*Dataset content*

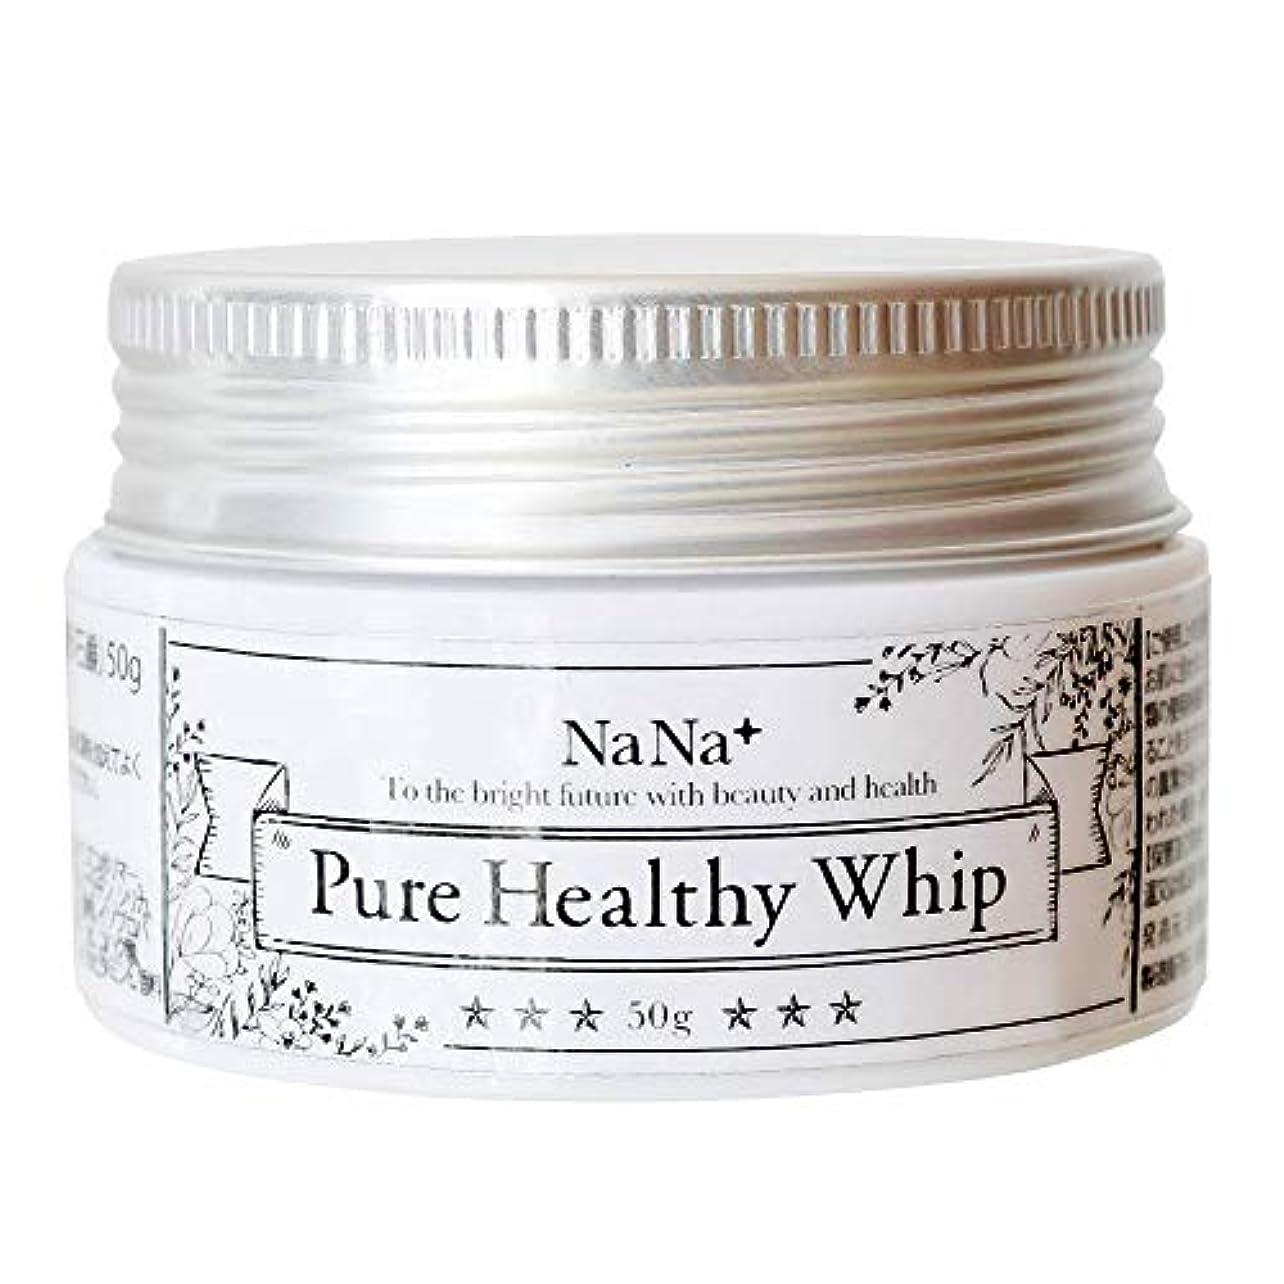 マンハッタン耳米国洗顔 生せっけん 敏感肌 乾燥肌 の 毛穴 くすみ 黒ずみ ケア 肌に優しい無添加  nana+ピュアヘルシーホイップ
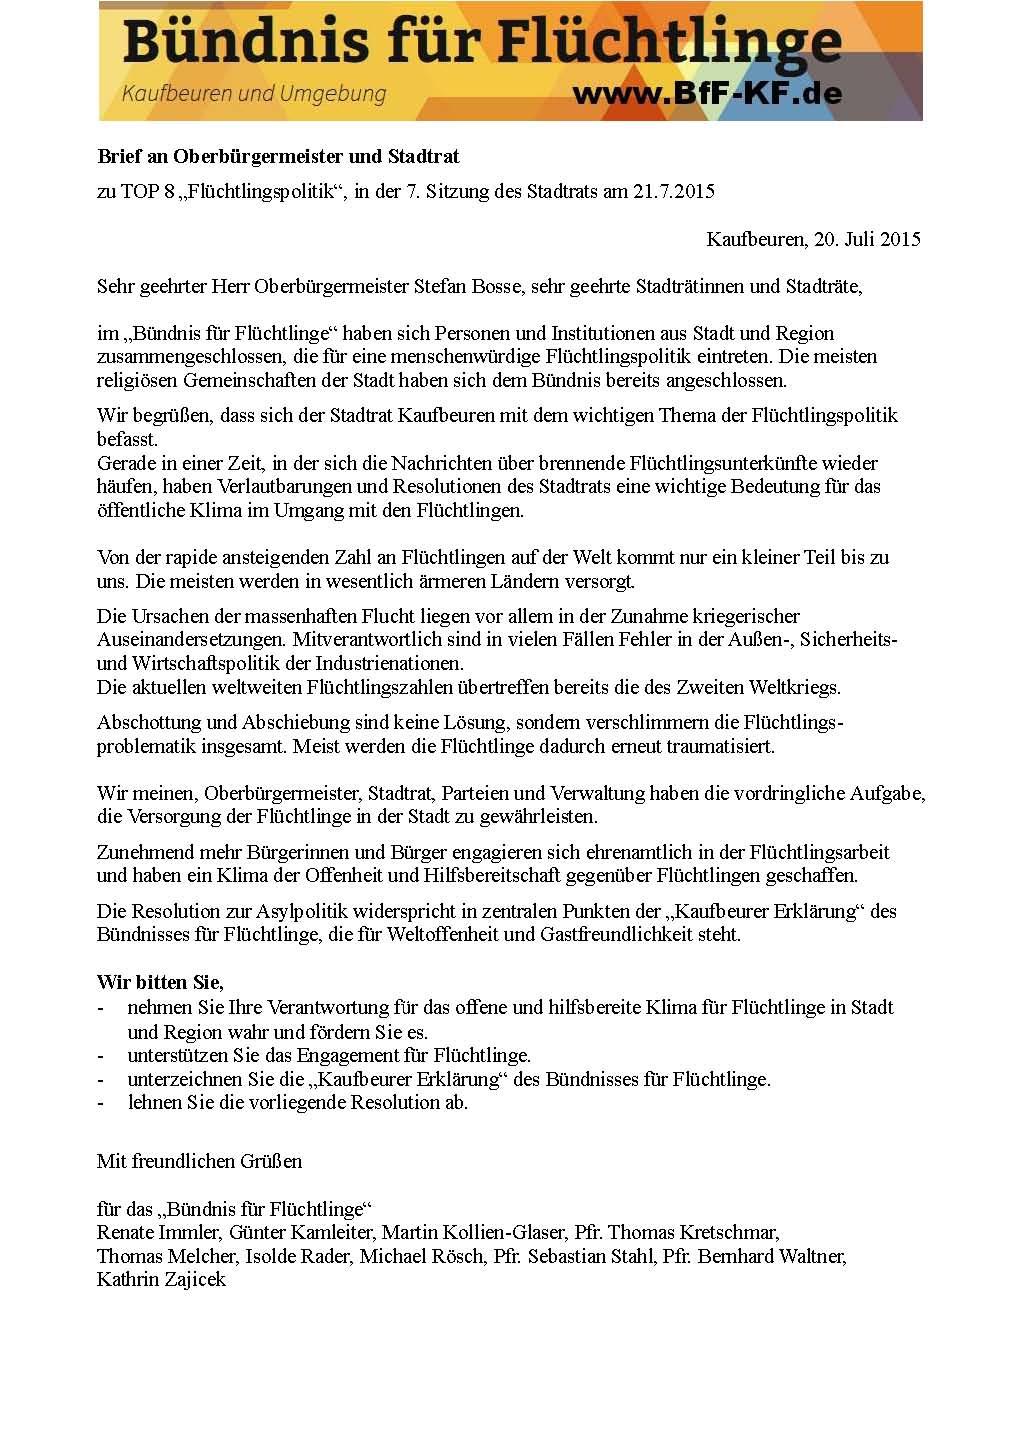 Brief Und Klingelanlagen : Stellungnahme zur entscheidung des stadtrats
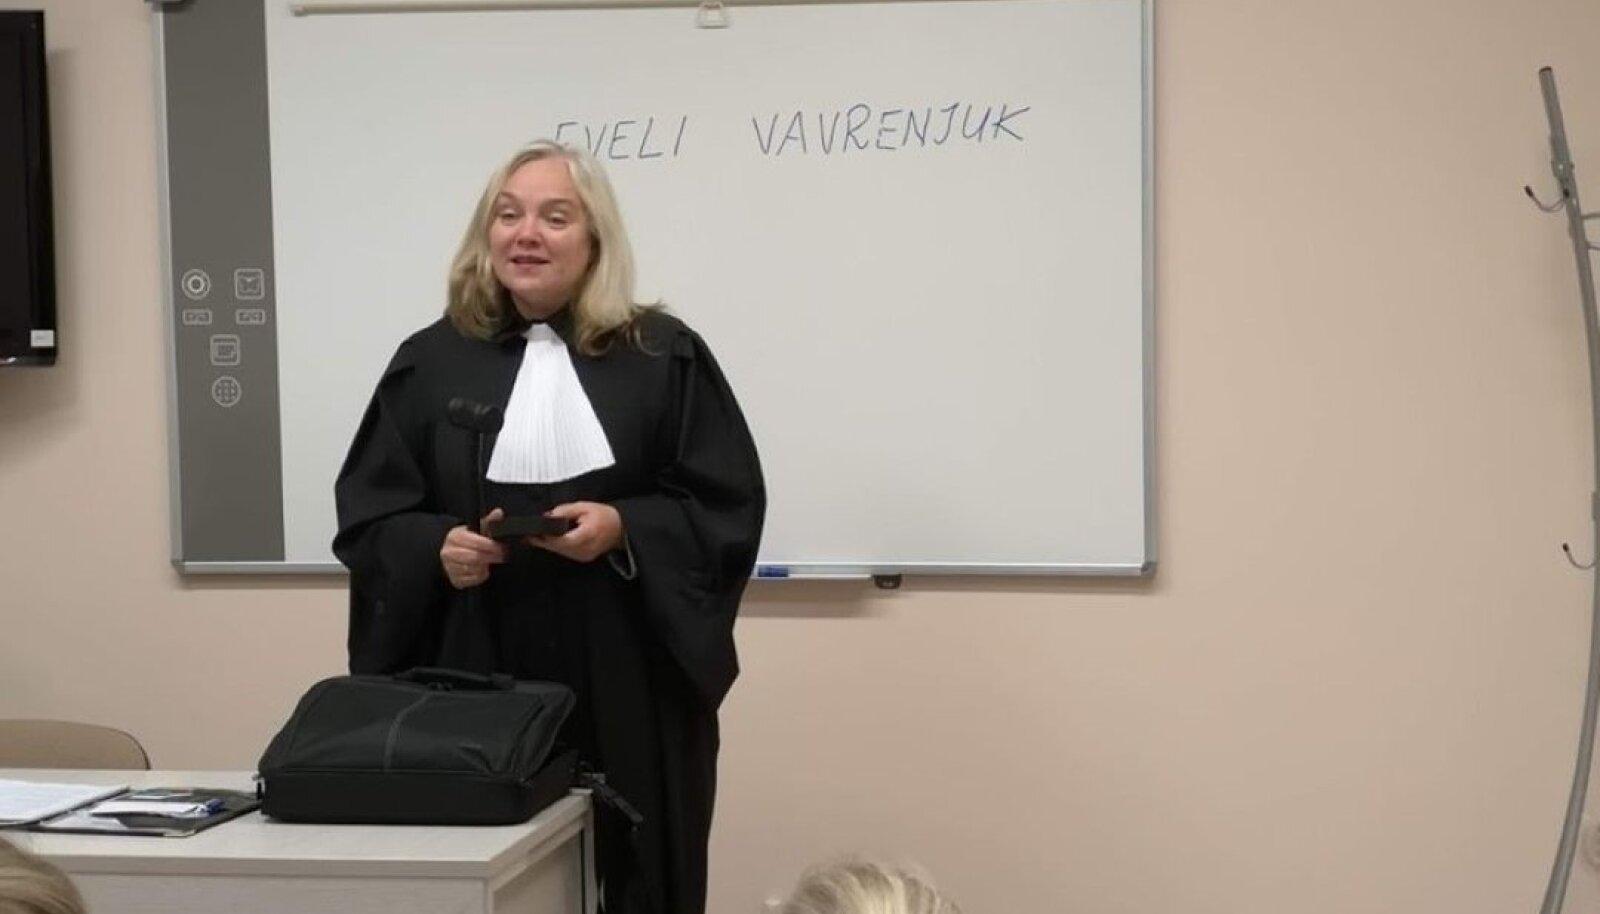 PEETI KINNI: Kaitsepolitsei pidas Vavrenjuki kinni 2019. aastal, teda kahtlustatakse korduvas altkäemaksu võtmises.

*Instructions to follow*
A word-for-word copy of all the data, without pictures, is the expected output.

*Final answer*
 マンハッタン耳米国洗顔 生せっけん 敏感肌 乾燥肌 の 毛穴 くすみ 黒ずみ ケア 肌に優しい無添加  nana+ピュアヘルシーホイップ
 Brief Und Klingelanlagen : Stellungnahme zur entscheidung des stadtrats
 PEETI KINNI: Kaitsepolitsei pidas Vavrenjuki kinni 2019. aastal, teda kahtlustatakse korduvas altkäemaksu võtmises.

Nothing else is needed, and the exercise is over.